__Activity__. The material beneath this line should be printed exactly, with its pictures omitted.

__Information shown__.
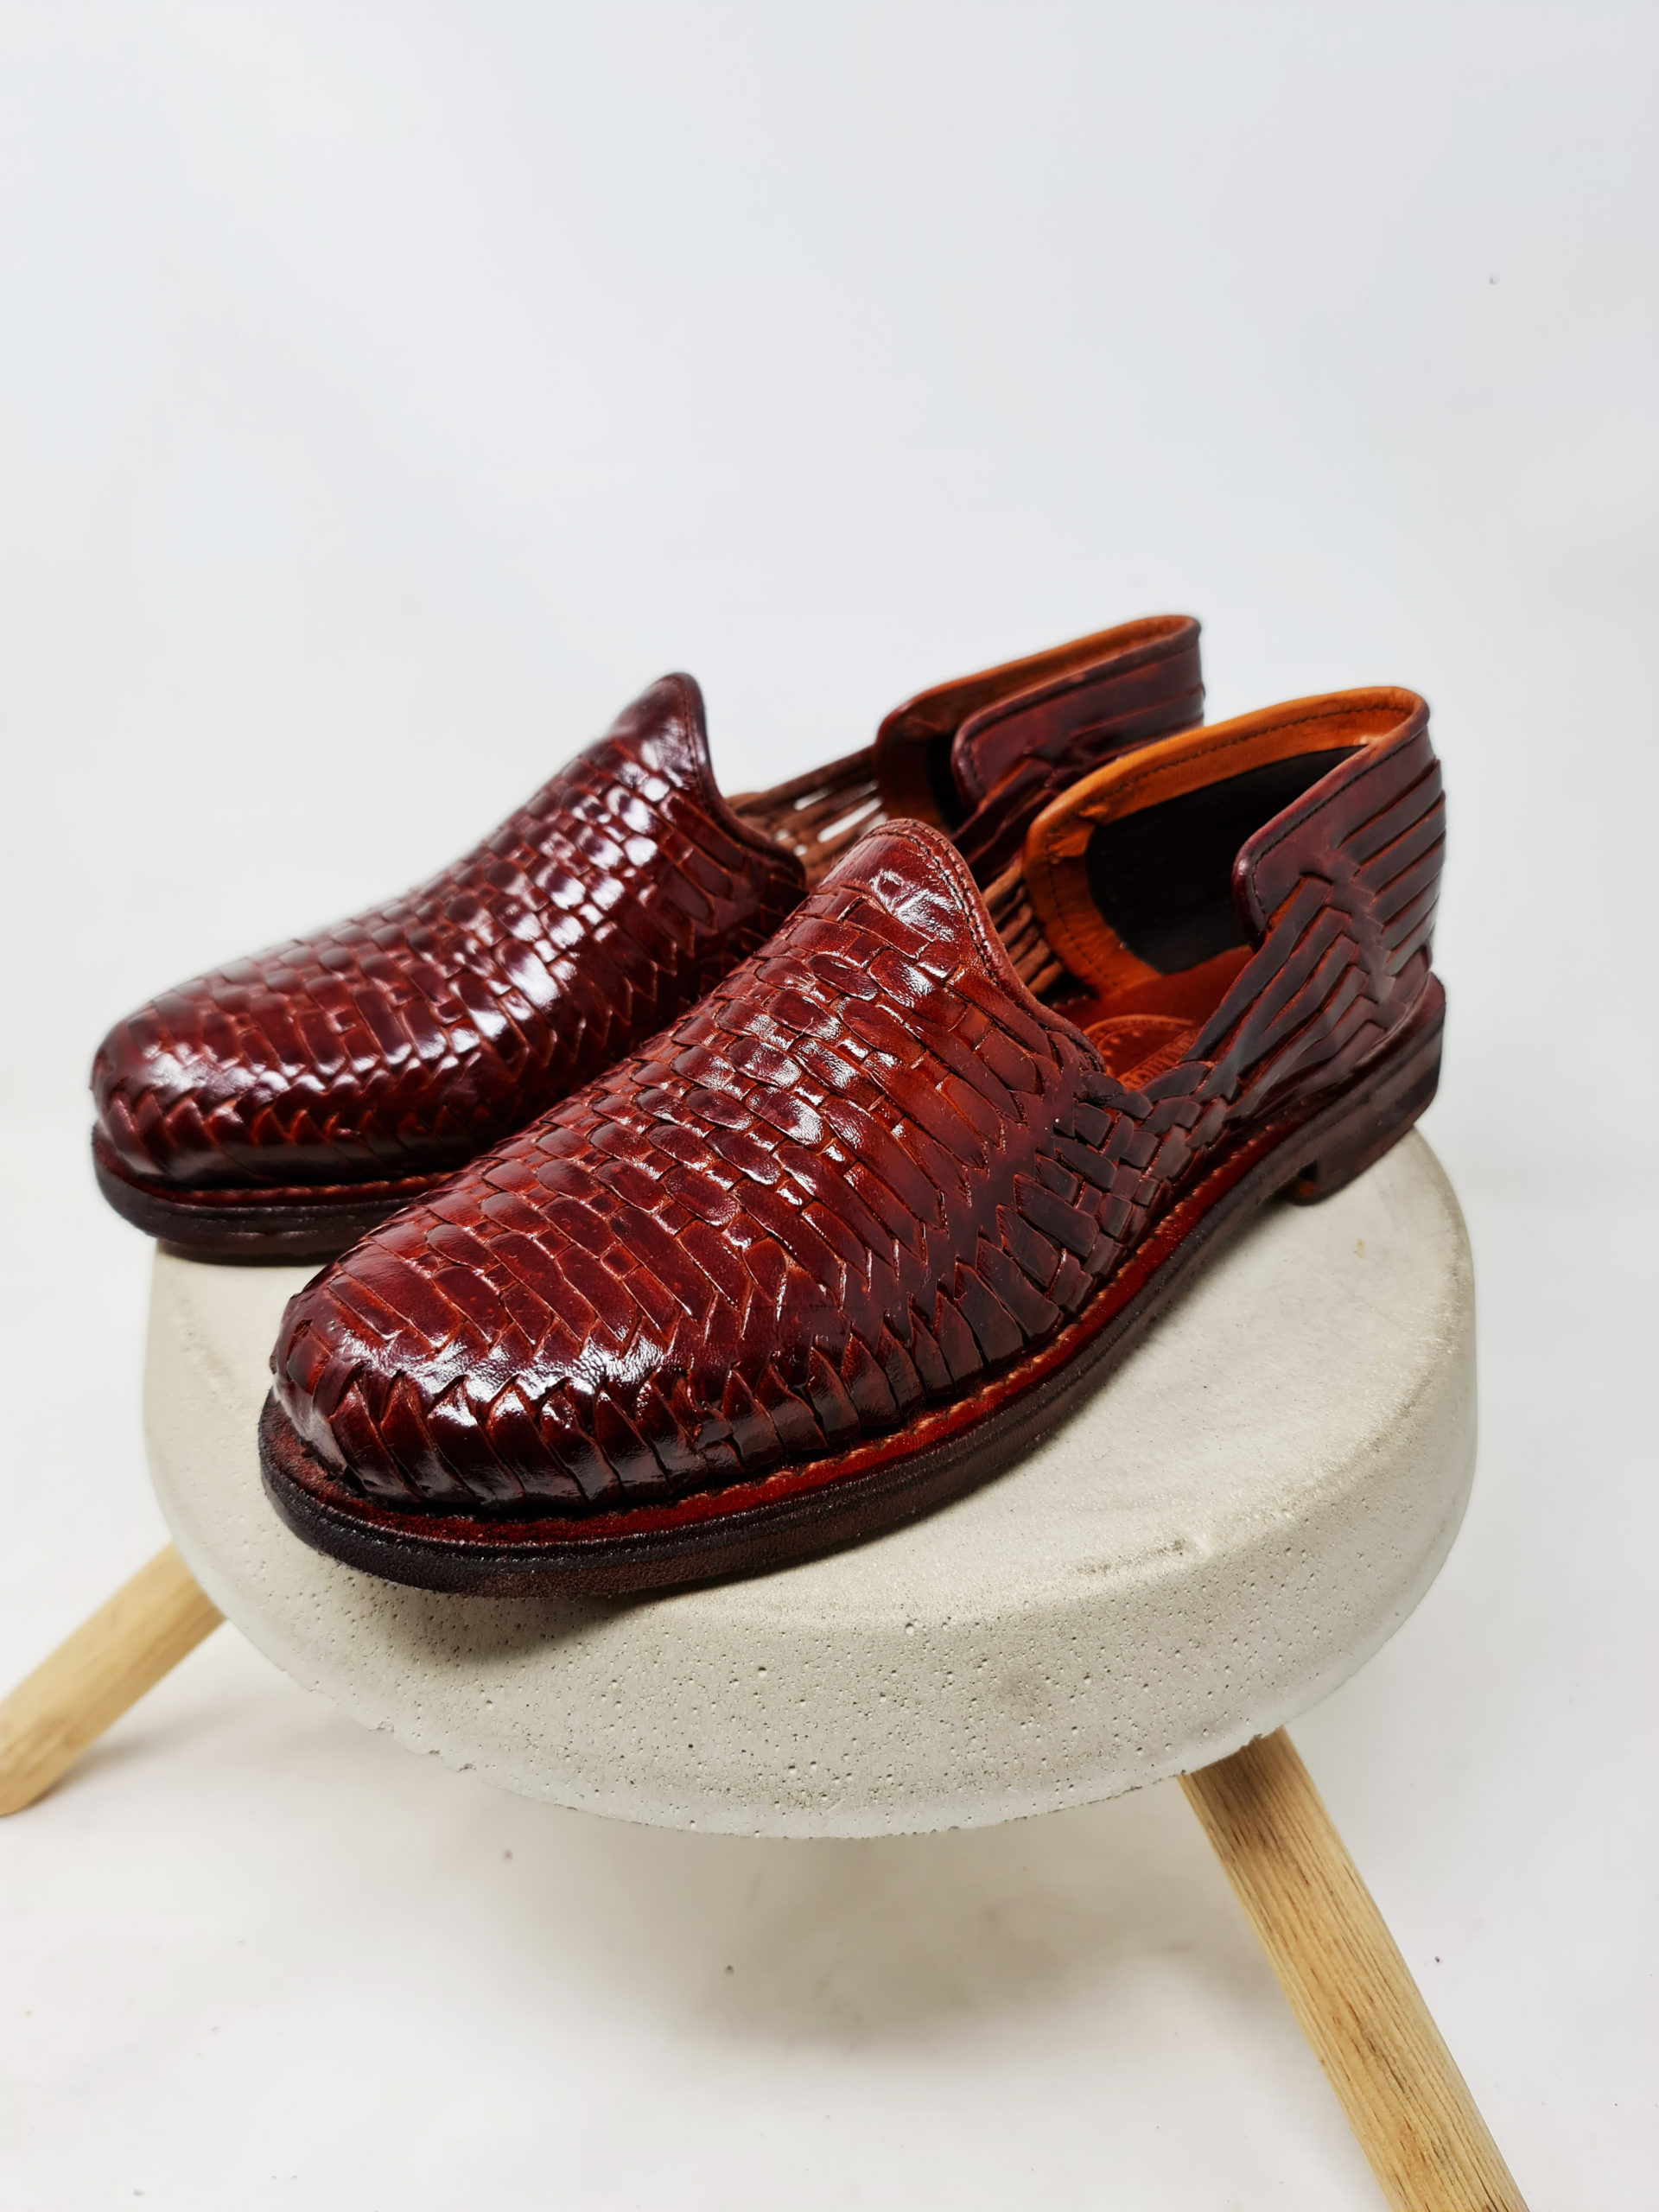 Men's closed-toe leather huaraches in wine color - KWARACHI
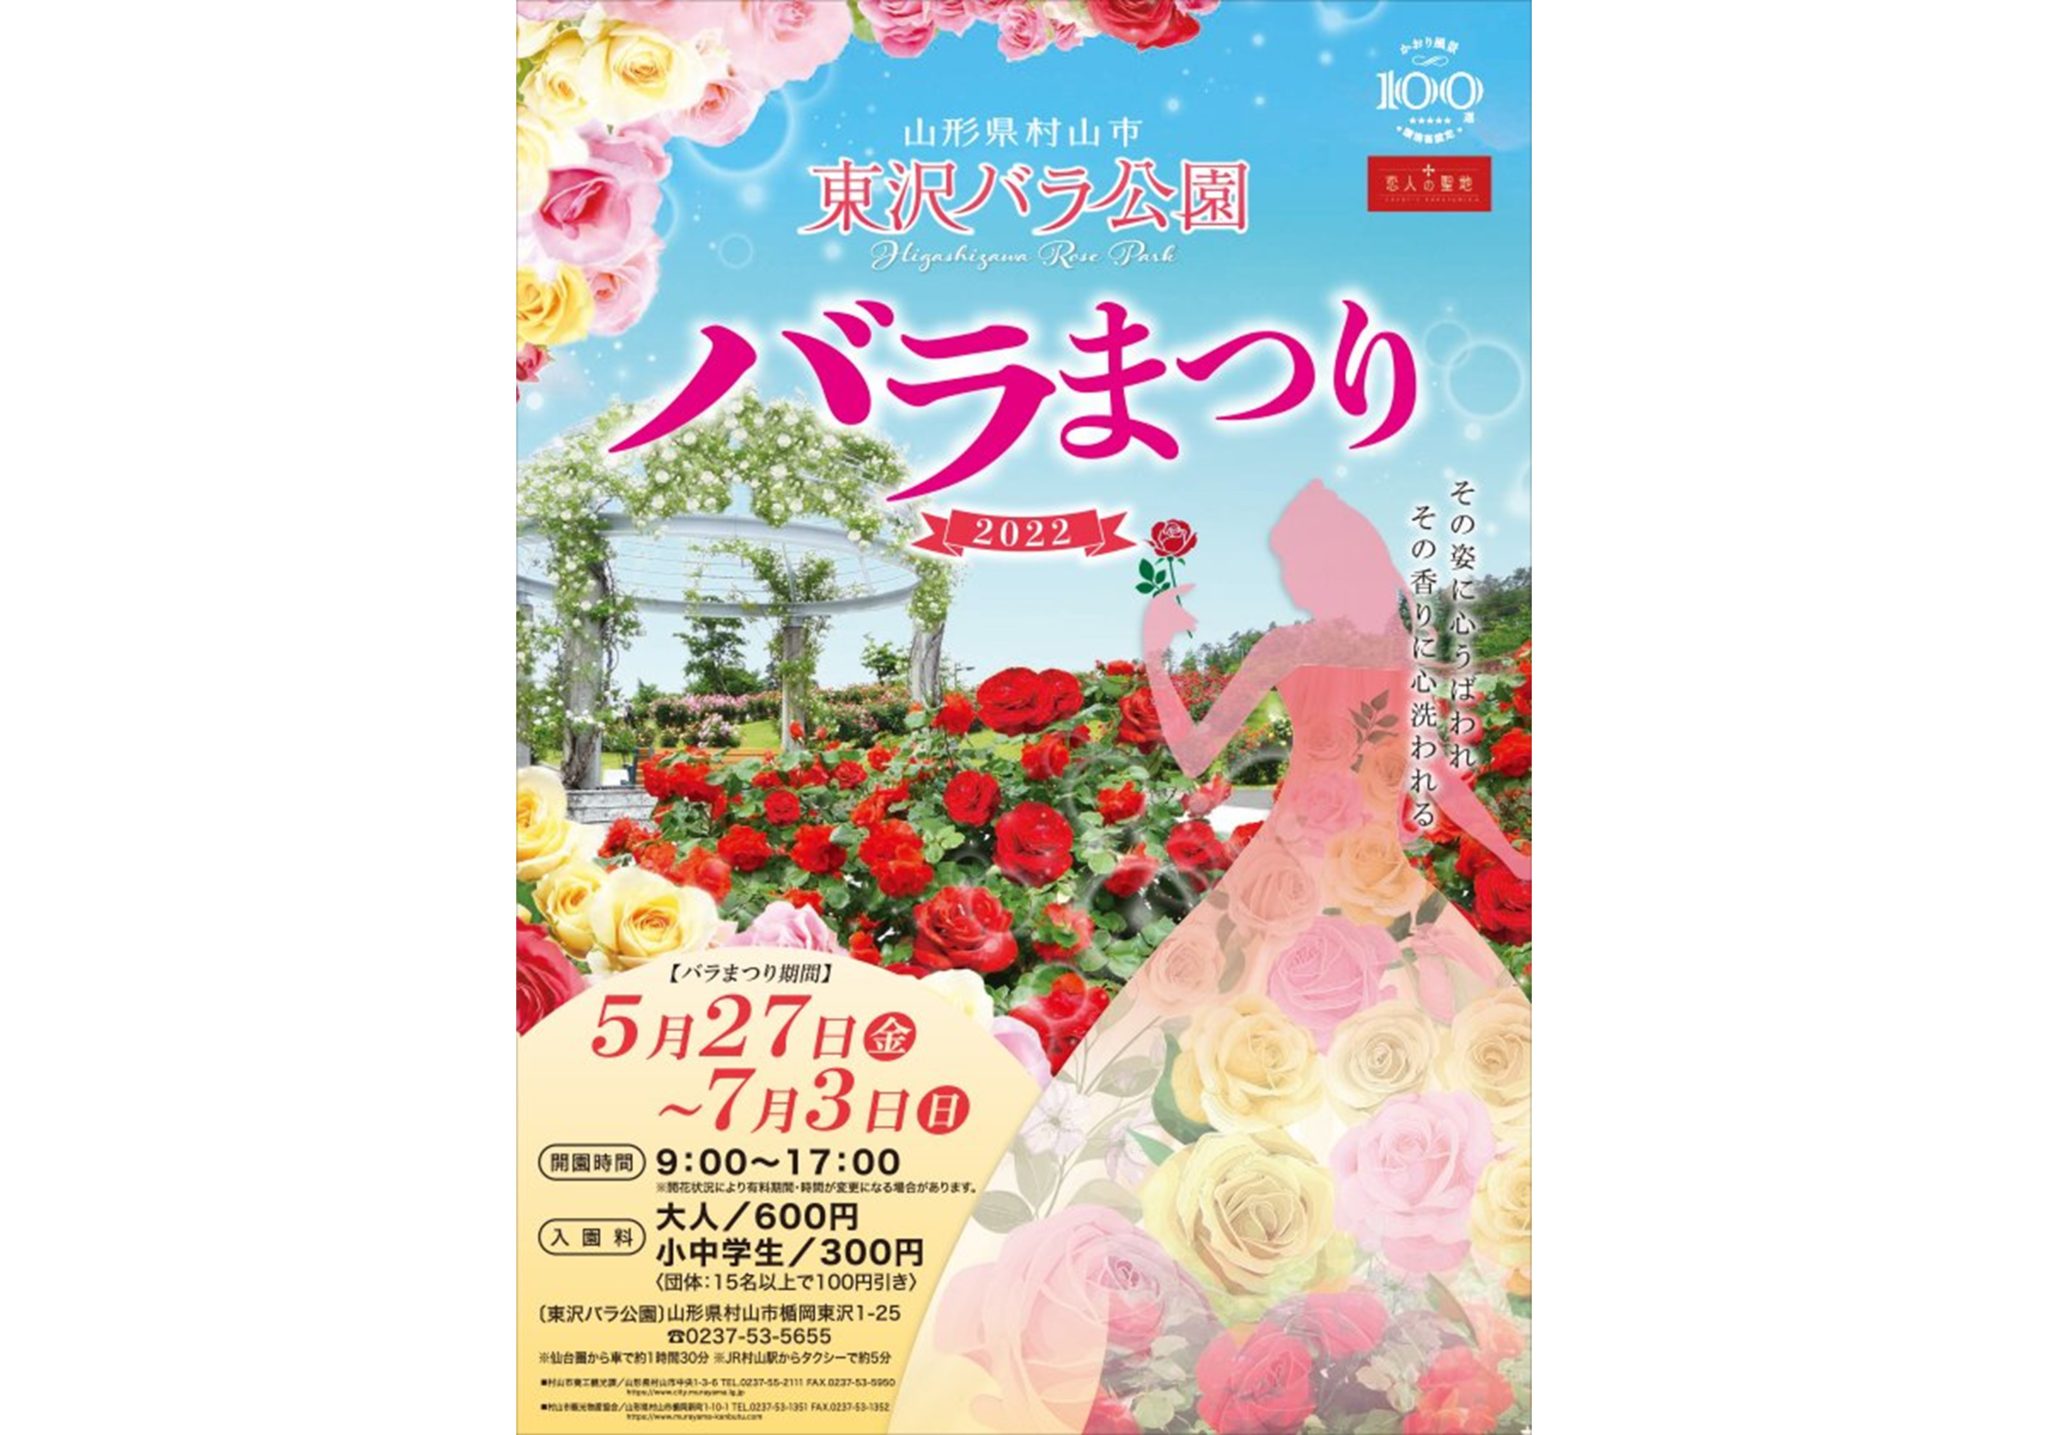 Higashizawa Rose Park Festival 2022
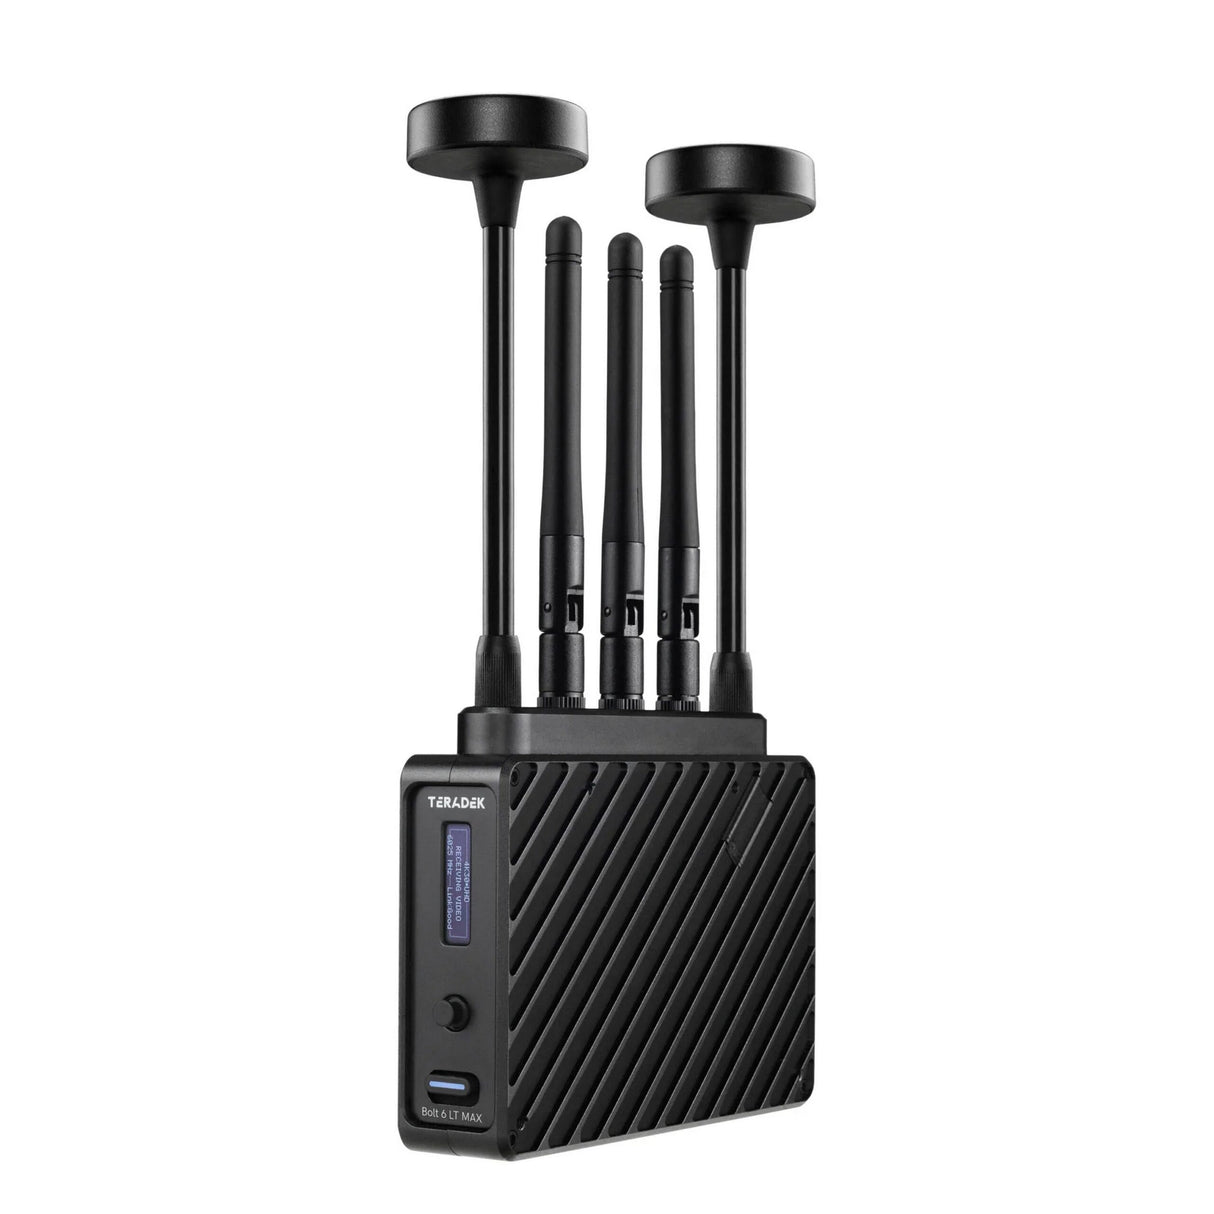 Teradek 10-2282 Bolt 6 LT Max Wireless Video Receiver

__Reply to the exercise__.
 Men's closed-toe leather huaraches in wine color - KWARACHI
 Higashizawa Rose Park Festival 2022
 Teradek 10-2282 Bolt 6 LT Max Wireless Video Receiver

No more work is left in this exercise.